How to complete this task:
Could you restate word for word each line from the top of the listing below through the line containing "Hình ảnh nền"? Keep the pictures out.

Given material:
+++

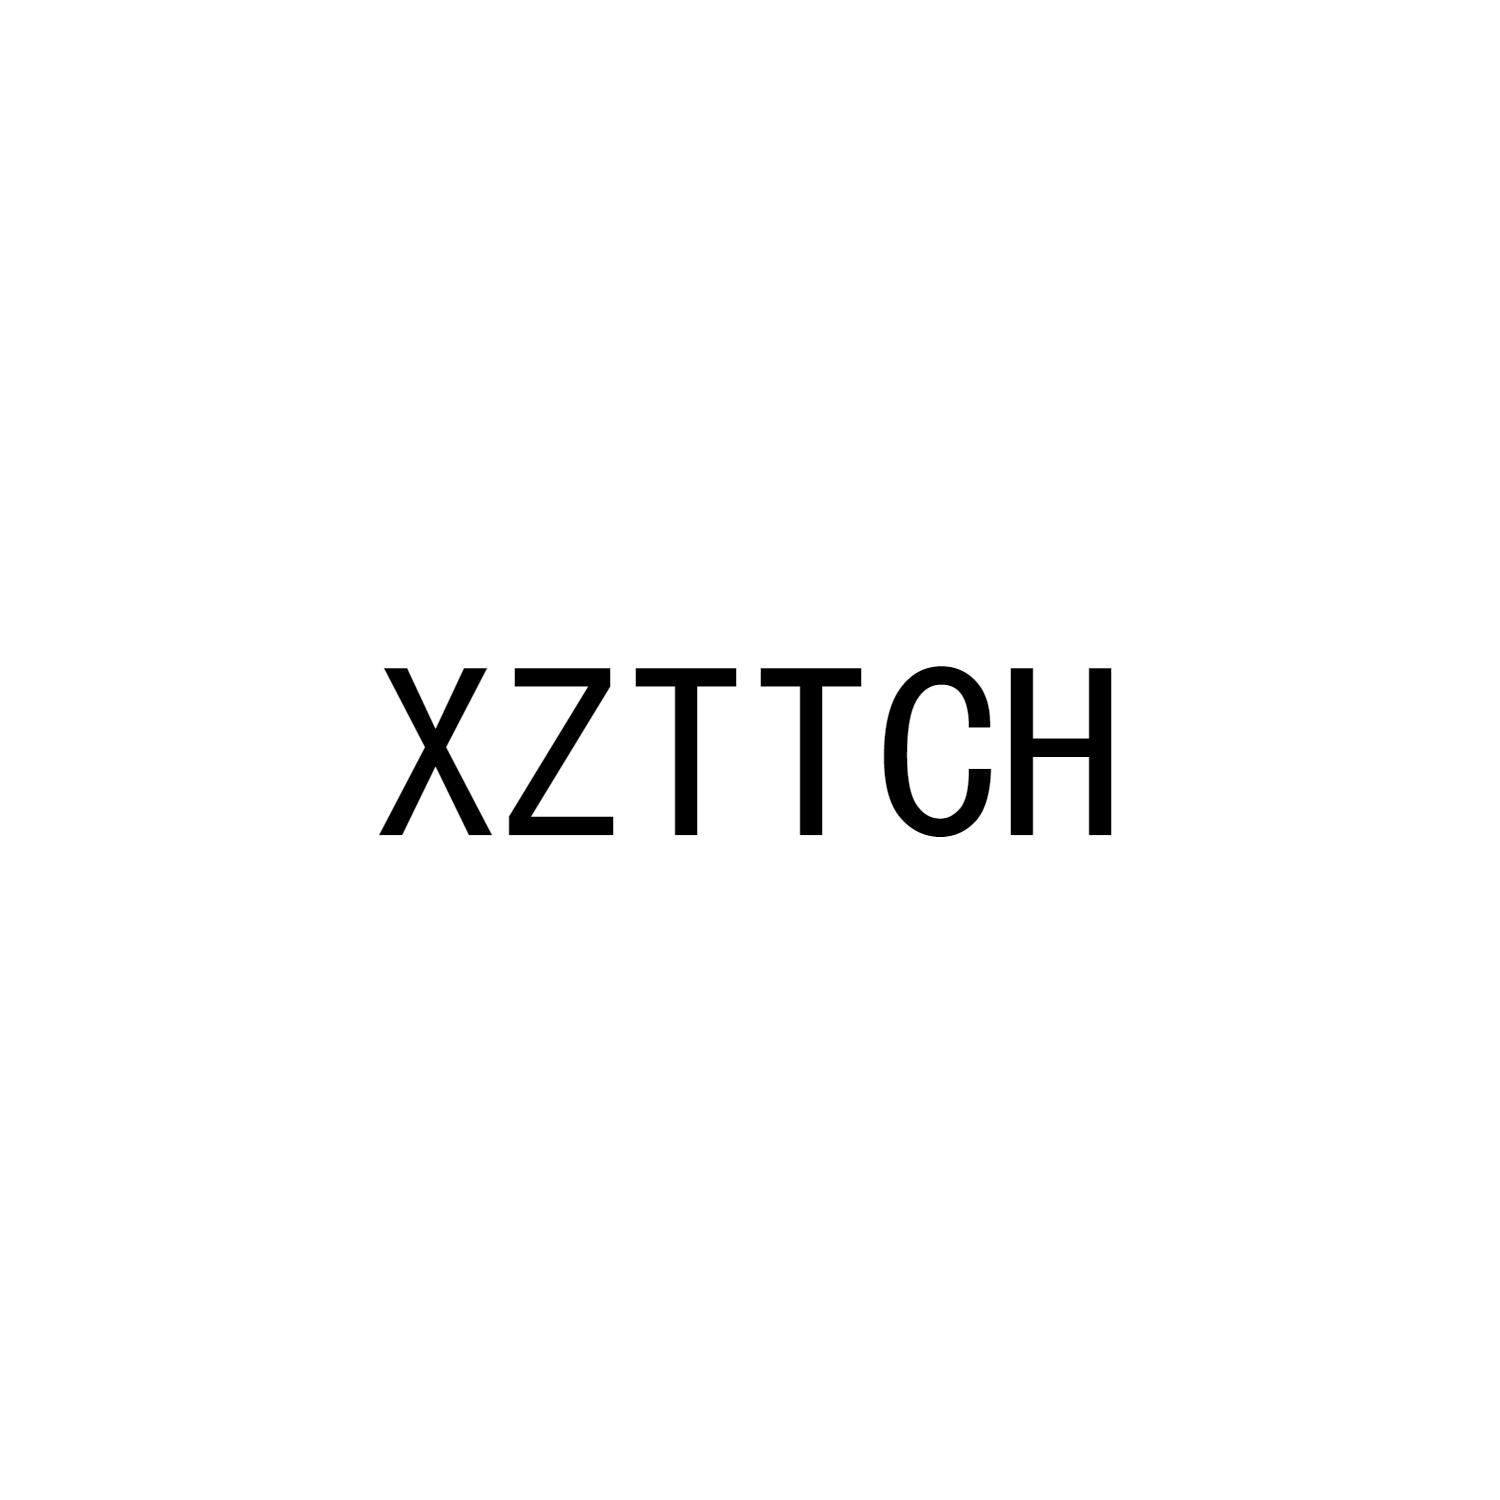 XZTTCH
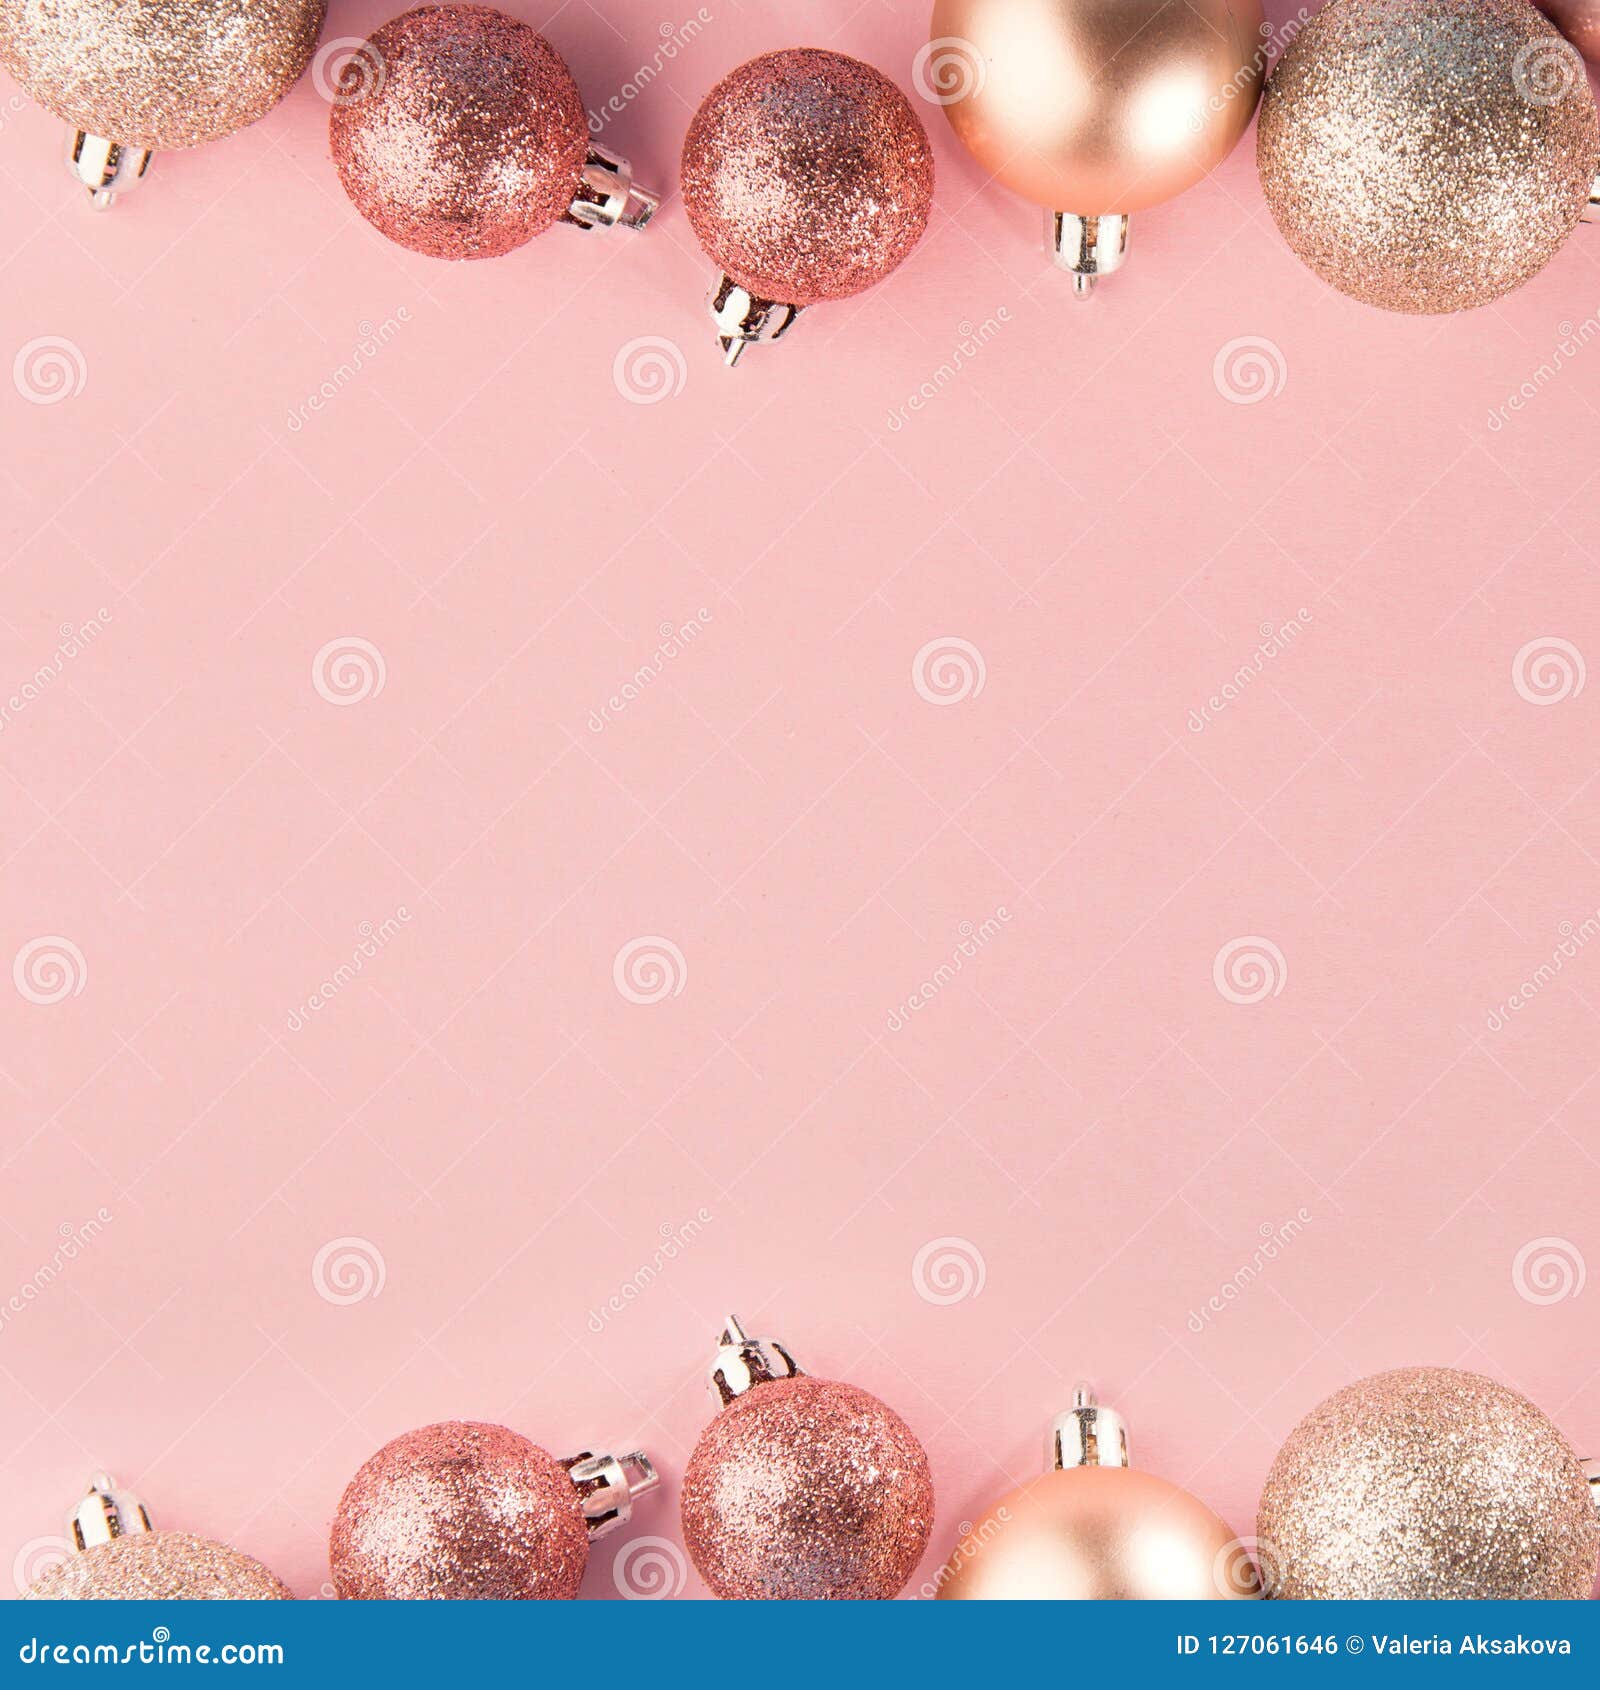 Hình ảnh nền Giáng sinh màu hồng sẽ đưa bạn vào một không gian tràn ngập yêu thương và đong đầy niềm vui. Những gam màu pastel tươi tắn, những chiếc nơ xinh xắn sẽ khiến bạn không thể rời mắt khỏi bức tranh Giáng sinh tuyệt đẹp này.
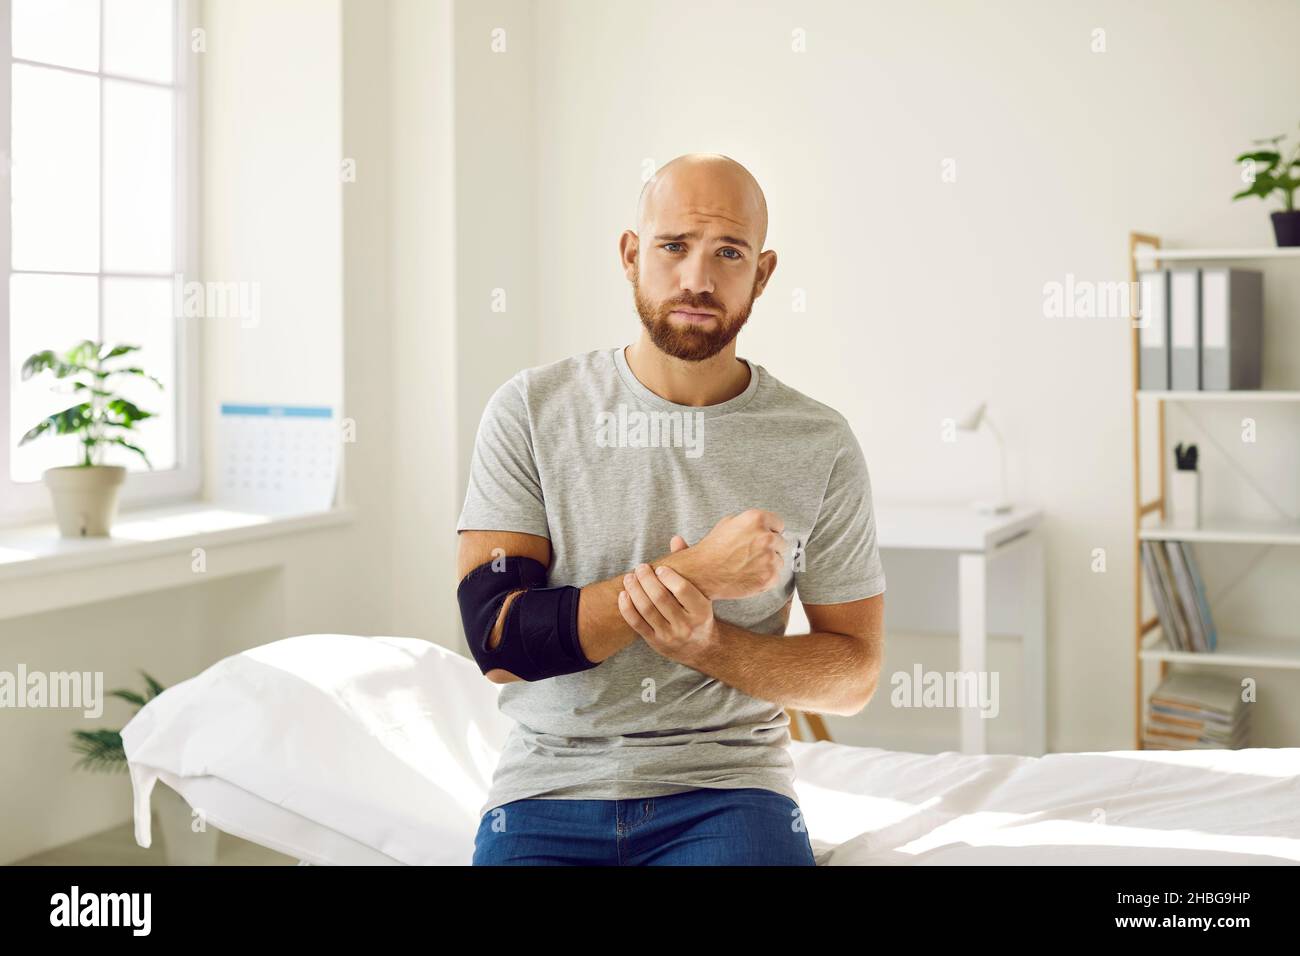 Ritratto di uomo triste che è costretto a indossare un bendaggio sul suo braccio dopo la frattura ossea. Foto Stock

+++

Result below:
 XZTTCH
 Hình ảnh nền Giáng sinh màu hồng sẽ đưa bạn vào một không gian tràn ngập yêu thương và đong đầy niềm vui. Những gam màu pastel tươi tắn, những chiếc nơ xinh xắn sẽ khiến bạn không thể rời mắt khỏi bức tranh Giáng sinh tuyệt đẹp này.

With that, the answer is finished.